● **TASK STATEMENT**: Write out the listing below exactly, and omit any images you find in it.
*** DATA BLOCK Section Begins ***
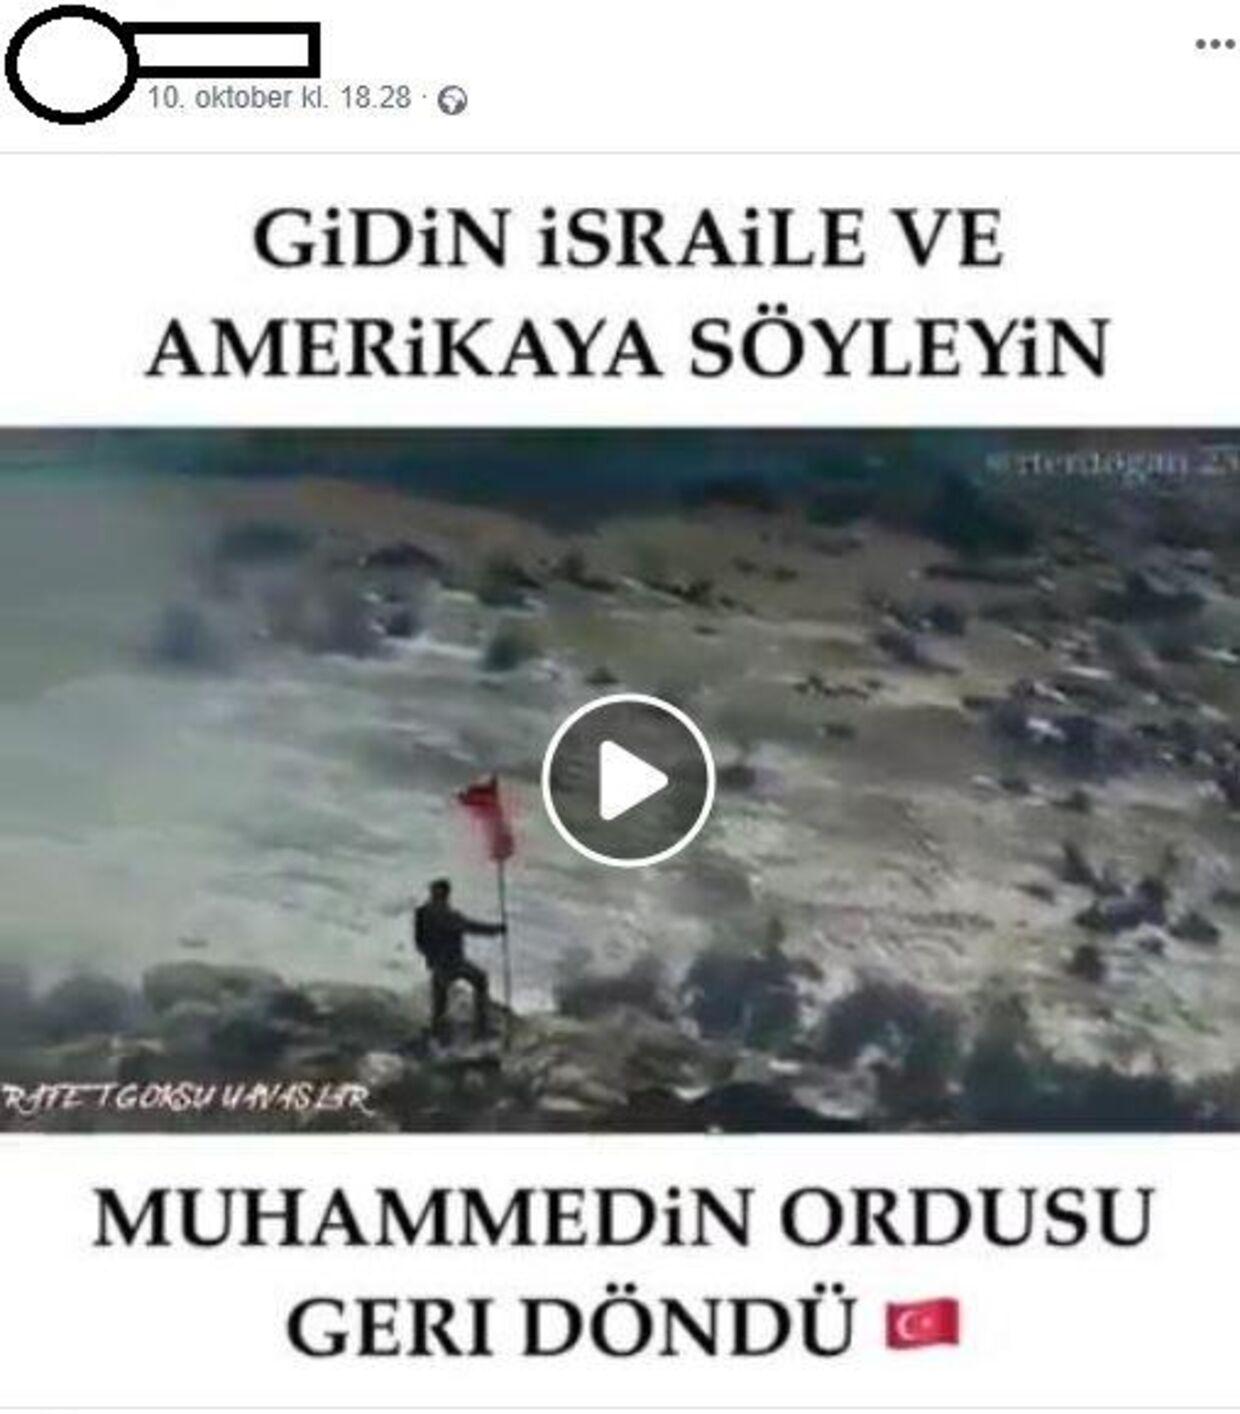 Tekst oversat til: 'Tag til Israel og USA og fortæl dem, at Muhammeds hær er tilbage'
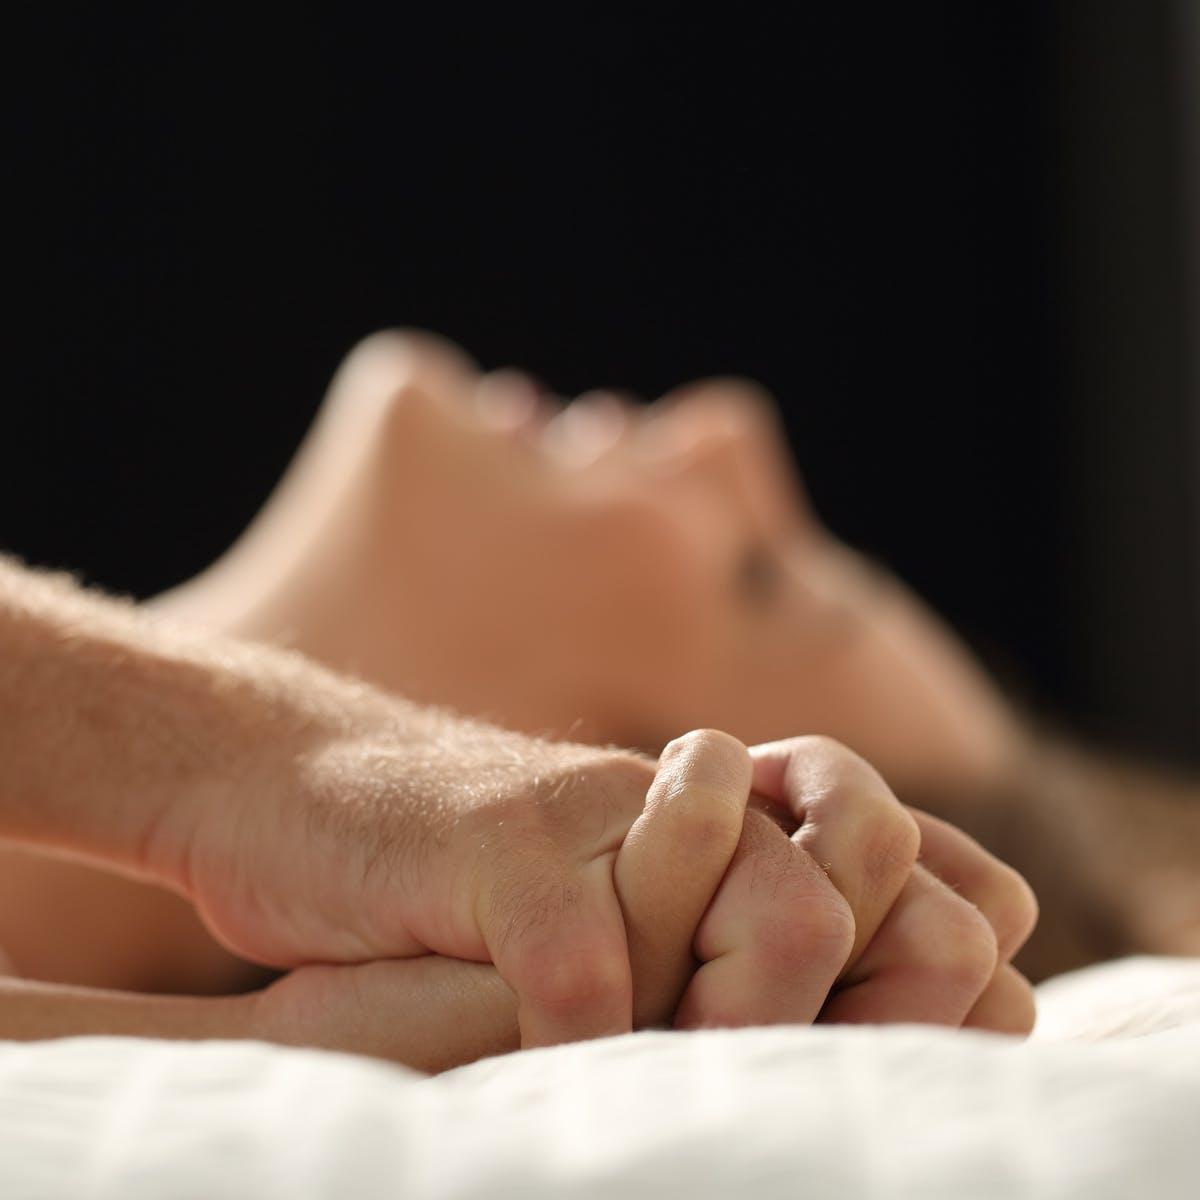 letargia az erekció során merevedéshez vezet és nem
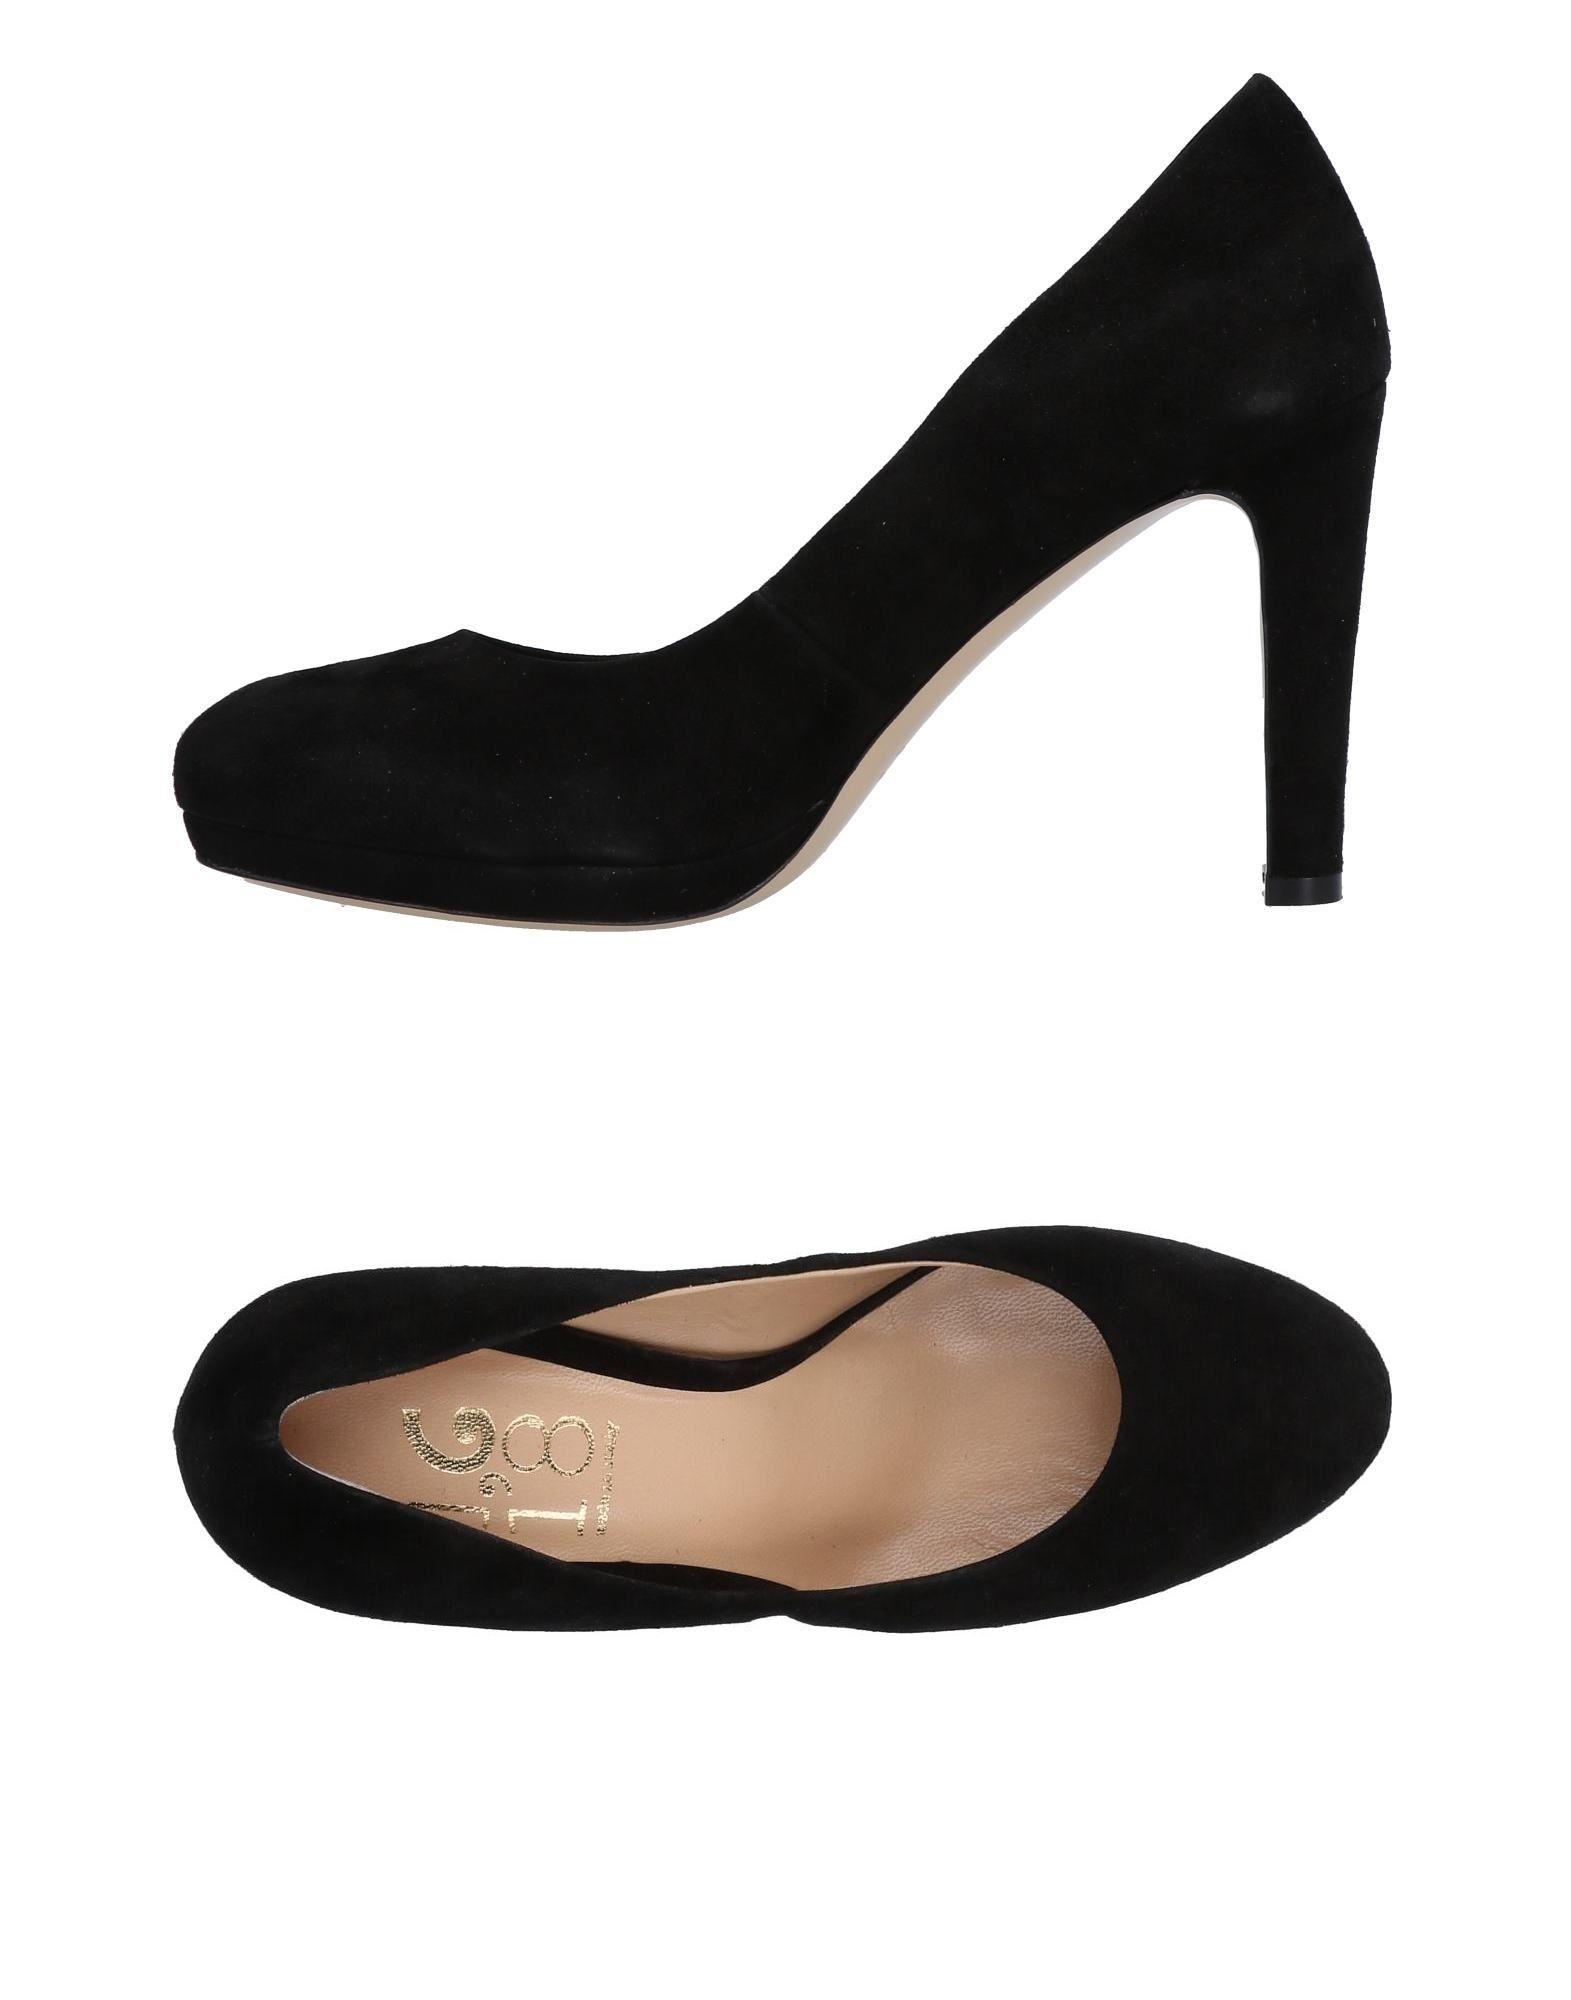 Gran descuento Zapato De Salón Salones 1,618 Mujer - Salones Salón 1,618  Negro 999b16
*** DATA BLOCK Section Ends ***
● **TASK ANSWER**:
 Tekst oversat til: 'Tag til Israel og USA og fortæl dem, at Muhammeds hær er tilbage'
 letargia az erekció során merevedéshez vezet és nem
 Gran descuento Zapato De Salón Salones 1,618 Mujer - Salones Salón 1,618  Negro 999b16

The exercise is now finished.